Немного подумав, Марченко кивнул:
— Точно, осведомительница. Я говорю вам, а вы — полиции.
— Пусть так, — сдалась она.
— Тогда я заявляю, что Беттину убил Яков Левич.
— Мистер Левич? — ужаснулась Дэйзи — скрипач успел ей понравиться. — С чего вы взяли?
— Он еврей. Они все убийцы. Кто Христа распял и христианские дьети убил? Еврею христианина убить ничего не стоит. А еще он — русский.
— Вы тоже.
— Ньет! Я украинец. Живу в России, говорю по-русски, однако кровь во мне украинская. Русским плевать на украинцев, а мне плевать на русских.
Он чуть было не сплюнул, но вовремя опомнился.
— А еще, — продолжил он мрачным шепотом, — Левич — красный шпион!
Дэйзи не поверила ни единому слову. У Марченко одни шпионы на уме. К тому же как Левич может быть русским, если он еврей?
— Зачем ему убивать Беттину? У него не было мотива.
— Был! Еще какой. Левичу нравится сестра Беттины. А она называла его охочим до денег жидом, грозила сказать родителям, что сестра влюбилась в нехристя, мешала им.
— Беттина не давала Мюриэл видеться с мистером Левичем?
— Да. Только он с ней говорить, она тут как тут: «Мюриэл, сделай то, сделай это. Подай то, подай это». Вот мотив, ньет?

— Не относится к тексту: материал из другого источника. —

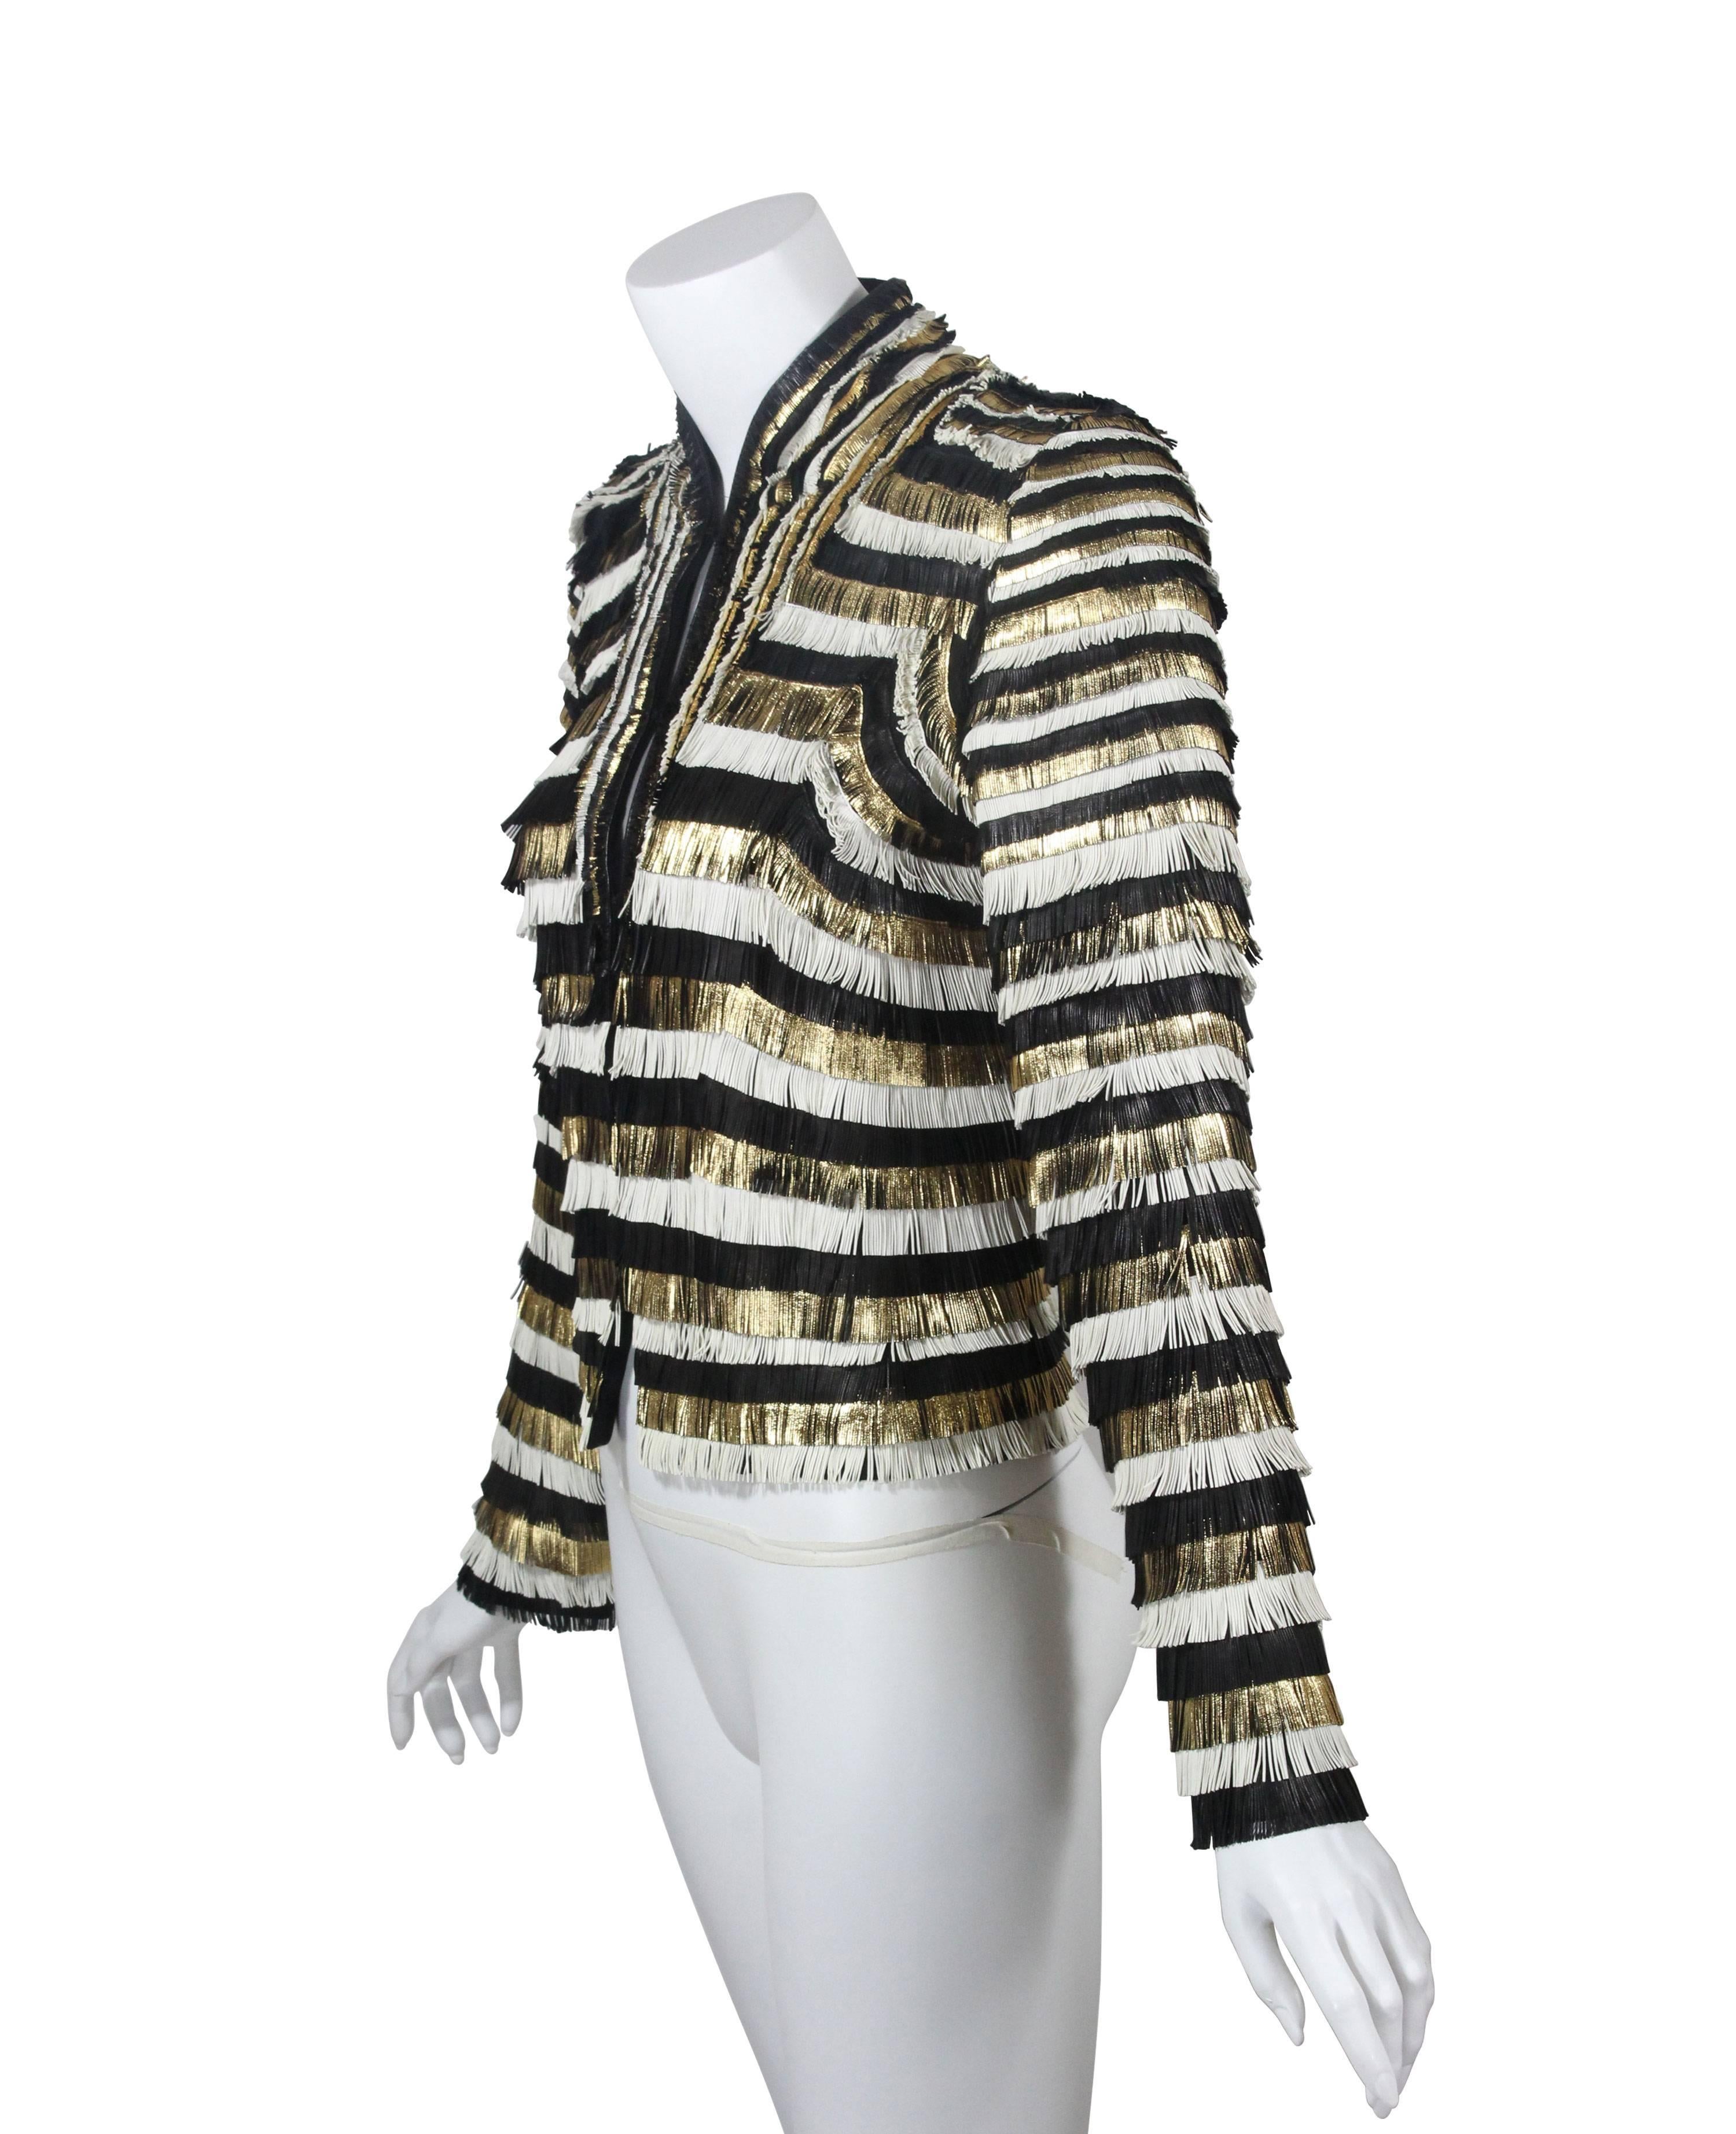 An incredible Gucci leather jacket. The entire jacket is done in rows of fine fringe leather in black, metallic gold and white  sewn onto silk.  The fringe varies from micro length at the top of the shoulders and gets slightly longer layer by layer

— Сомнительный мотив! — решилась возразить Дэйзи, а про себя подумала: «Слегка правдоподобнее, чем то, что Яков Левич — русский и шпион». Неужели Беттина и вправду пыталась мешать любовным отношениям сестры?

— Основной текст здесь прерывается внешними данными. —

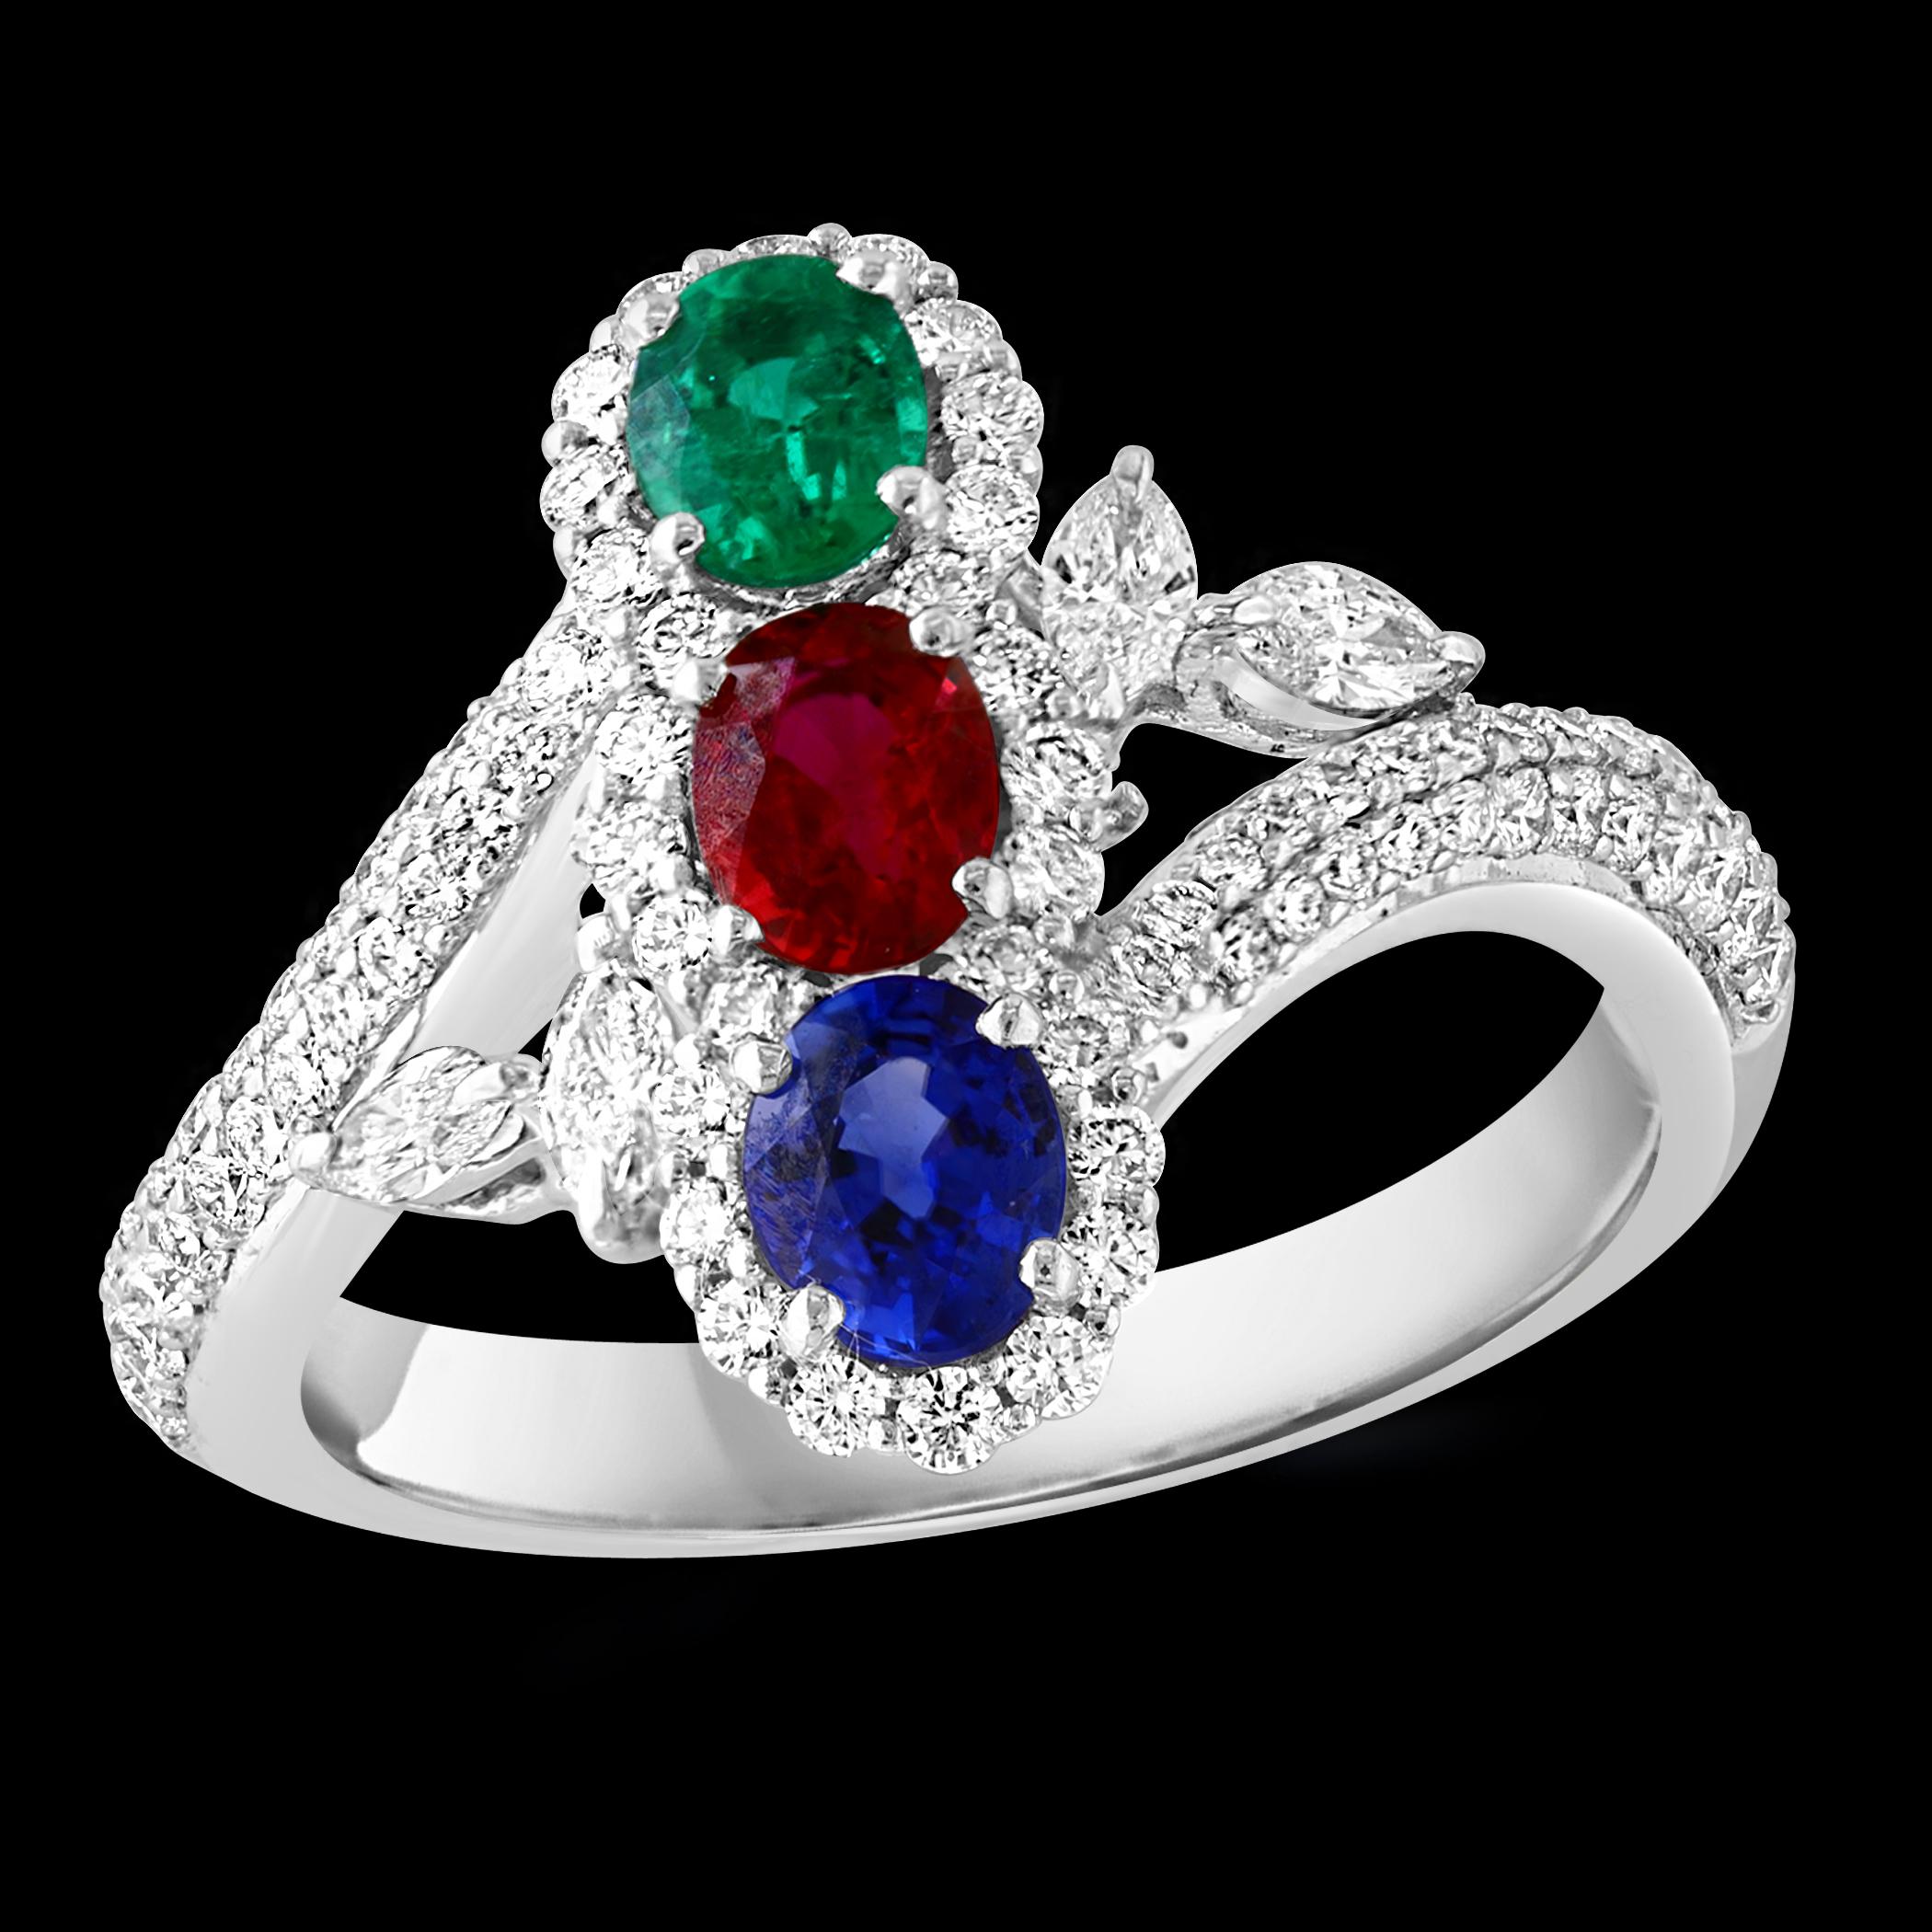 Introducing our exquisite 18 Karat Gold Ring, featuring a stunning 1.2 carat natural oval Ruby, Emerald, and Sapphire along with approximately 1.5 carats of brilliant cut diamonds. This ring is a true testament to beauty and elegance. The natural

— Как это? Ничего не сомнительный. Расскажите полицейскому начальнику. Вам поверят. А я с полиция не говорью.
— Мистер Марченко? — обратился к нему вернувшийся Пайпер. — Попрошу вас, сэр.
Марченко посмотрел на него отсутствующим взглядом.
— Прошу! Пойдемте! Сэр! — Пайпер, очевидно, принадлежал к тому типу людей, которые думают, что, если будешь говорить с иностранцем как можно громче, он тебя поймет. На случай, если его все равно не услышали, он сделал подзывающий жест.
Хоть Марченко и усиленно притворялся, что по-английски не понимает, но жесты-то всем понятны. Он тяжело поднялся на ноги и пошел за констеблем, бормоча что-то себе в бороду.
Трудно будет Алеку что-нибудь из него вытянуть. И поделом. Если первые два-три раза еще можно было объяснить совпадением, то когда то же самое повторилось с Марченко, все стало ясно: Пайпер неизменно подзывал тех, кто подсаживался к ней, и наверняка действовал так по распоряжению Алека.
Пытается ей помешать! Какое нахальство!
Глава 6
Когда Марченко тяжелой поступью вошел в кабинет вслед за Эрни, Алек разговаривал по телефону. Его начальство наконец-то изволило сообщить, что с местной полицией все улажено и дело официально поручено ему.
Вот только стоило ли радоваться.
Во-первых, в дело ввязалась Дэйзи. Хорошо еще, что он может за ней приглядывать и тем самым убережет от самой себя.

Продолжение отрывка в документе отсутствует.